The investigators used animal models and postmortem brain tissue from depressed humans to implicate the transcription factor, ∆FosB, and its regulation by an enzyme called calcium/calmodulin-dependent protein kinase 2α (CaMKIIα), in mediating pro-resilient effects within the nucleus accumbens. The ability to validate key findings from animal models in human depression is a major strength of our Center's efforts.

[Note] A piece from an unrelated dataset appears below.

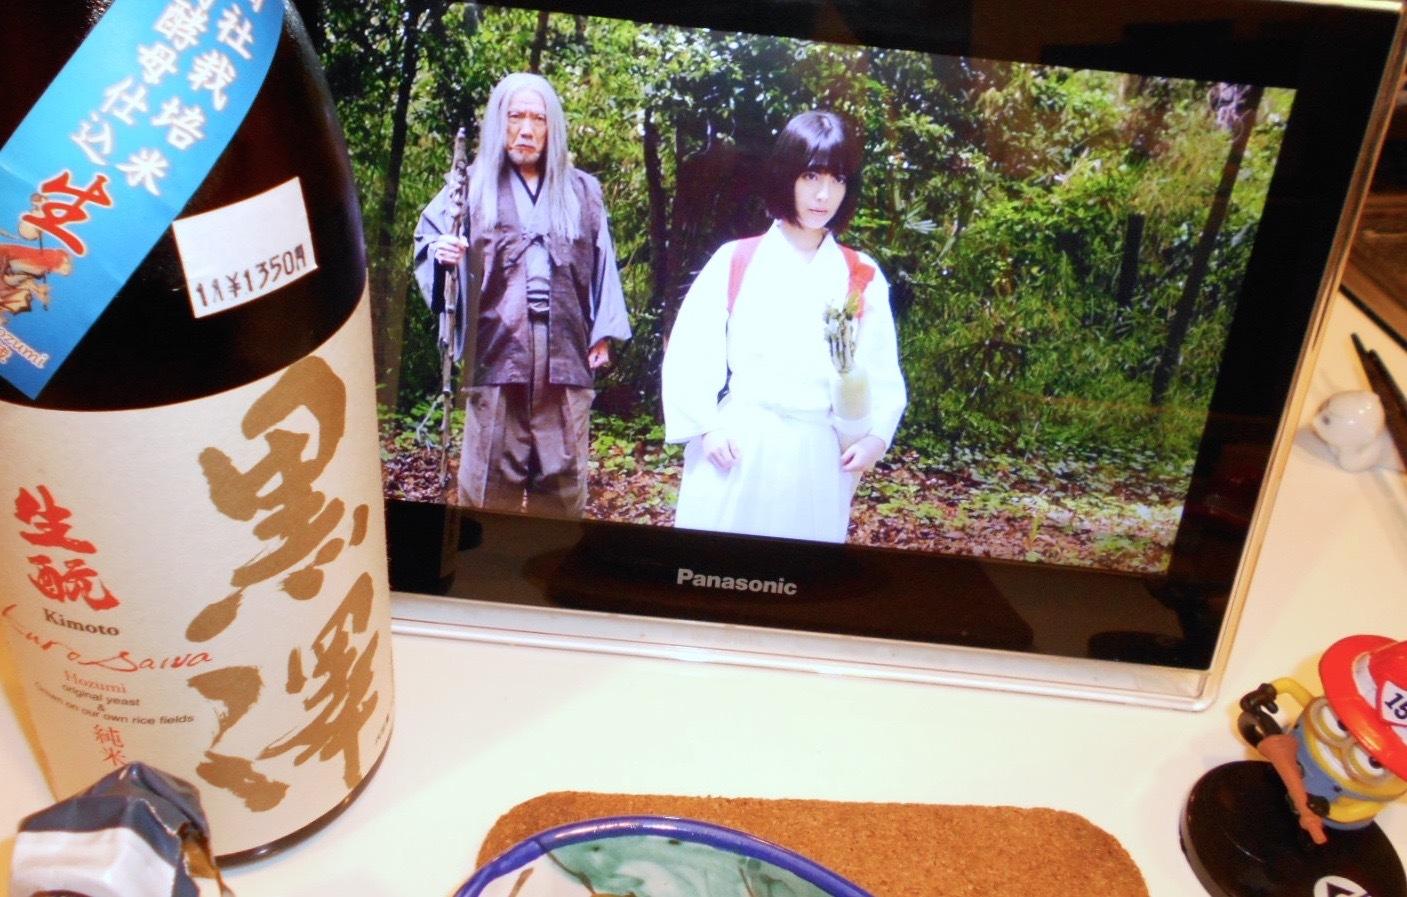 kurosawa_hozumi30by1_3.jpg
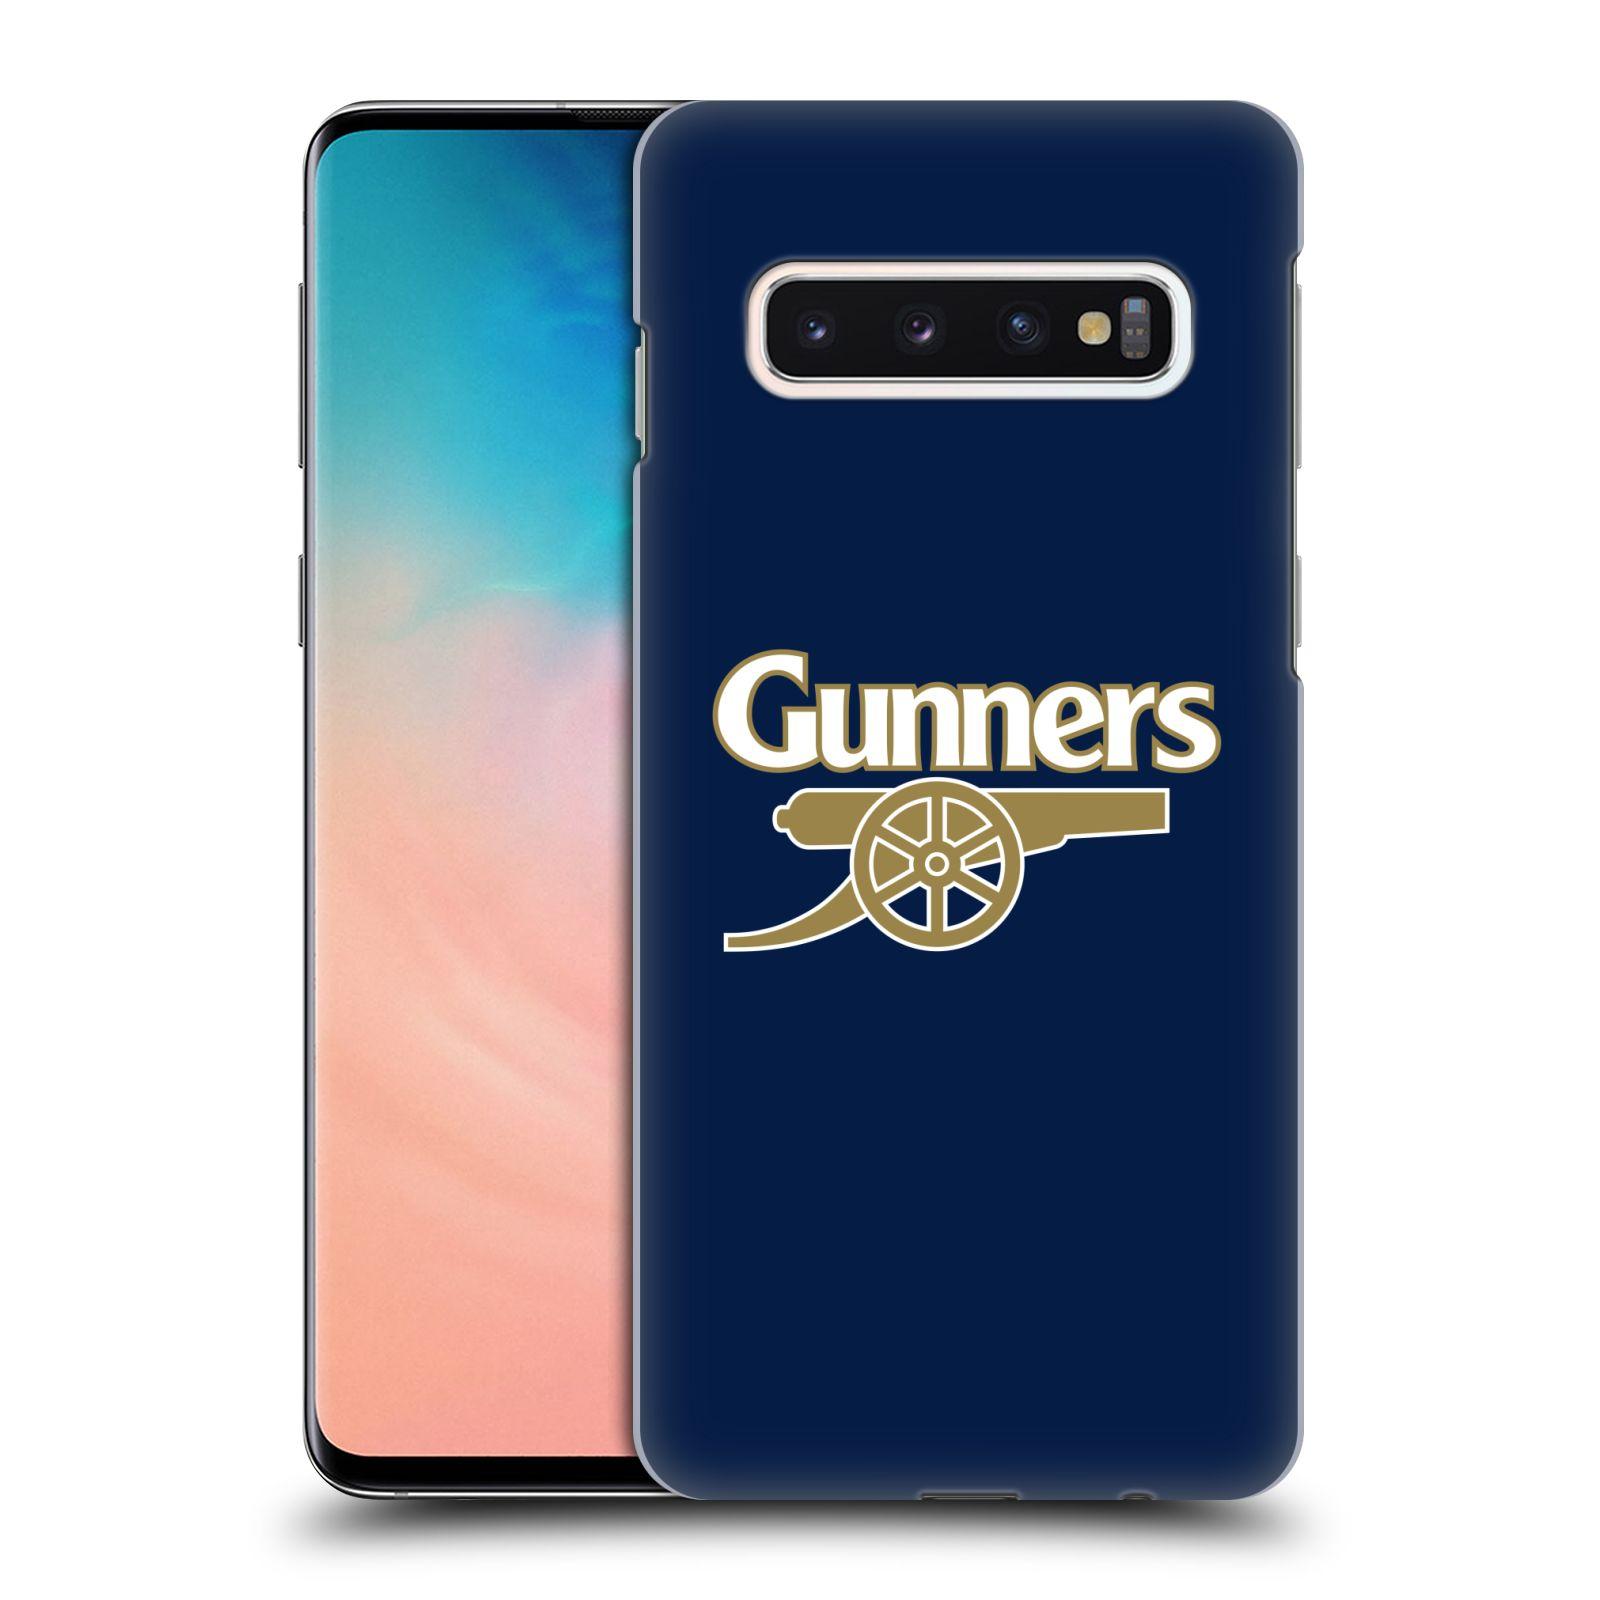 Plastové pouzdro na mobil Samsung Galaxy S10 - Head Case - Arsenal FC - Gunners

Robison AJ et al. (2014) Fluoxetine epigenetically alters the CaMKIIα promoter in nucleus accumbens to regulate ΔFosB binding and antidepressant effects. Neuropsychopharmacology 39:1178-1186. PMCID: PMC3957112

HDACs—or histone deacetylases—are enzymes that remove acetyl groups from histones and thereby repress gene expression. In this study, the authors showed that one particular form of HDAC is important in mediating the effects of early life exposure to fluoxetine (an SSRI antidepressant) on lasting changes in gene expression.

Sarkar A et al. (2014) Hippocampal HDAC4 contributes to postnatal fluoxetine-evoked depression-like behavior. Neuropsychopharmacology 39:2221-2232. PMCID: PMC4104341

Early Leads on New Treatments for Depression

Although our Conte Center does not directly sponsor clinical trials, its work is tightly connected to the clinic, with several findings over the years driving highly novel clinical trials in patients with depression. These advances underscore the translational nature of the Center.


Advances made in this mouse study provided the rationale to test a potentiator of one type of potassium channel, called a KCNQ channel, in depression. Early results are encouraging.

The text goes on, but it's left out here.